The SBI claims they thought she was the gunman making a run for it. Ironically, though hit by several rounds, the bank robber survives his injuries. In a twist of fate that will be questioned as part of some greater conspiracy, the bank robber goes to prison where he is found hanging dead in his cell, before the case can ever come to court, and the truth can be revealed.
The woman’s husband, who was shot in the bank robbery, also miraculously survives this tragedy. He is compensated by the state and he is so distraught, he will never publicly talk about the tragedy.

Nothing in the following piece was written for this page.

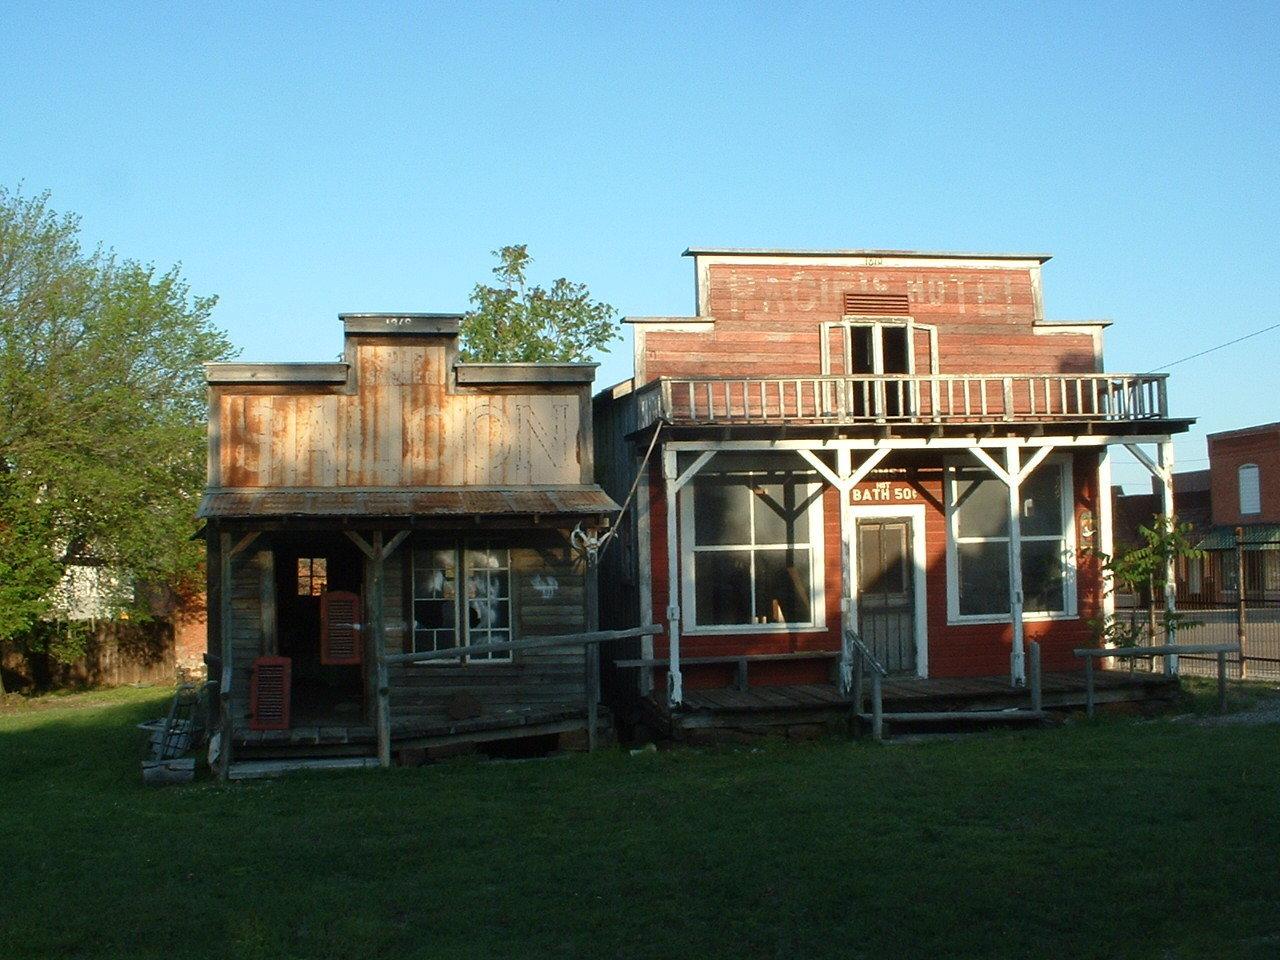 Alien-inhabited Kansas ghost town up for auction on eBay

This ordeal polarizes a community which claims the woman wouldn’t have been killed had she been white. It’s not enough that an atrocity like this has occurred, but now the ugly history of the South’s racial inequities have reared their ugly head. It’s a whirlwind of controversy and a flatulating enigma of angry press conferences and unsubstantiated allegations orchestrated by the SCLC.
It’s in the middle of this great, raging storm that I find myself, clad in journalistic rain gear and sound bite galoshes and a sagacious ability to describe it all.
Though reporting the ugliness is sometimes cathartic, it can also rob you of your humanity and compassion.
Unfortunately, tomorrow is another news day, a day in which someone else will die, be cheated, or hurt.
Sometimes the best reporter is a reporter who can suck it all in and then channel it right back out like a parabolic mirror gathering in the energy of the sun and focusing that deleterious light into a concentrated beam of productive matter.
Once that matter has been transported, it is gone, cleansed, ready to gather in the next light and begin the transformation again.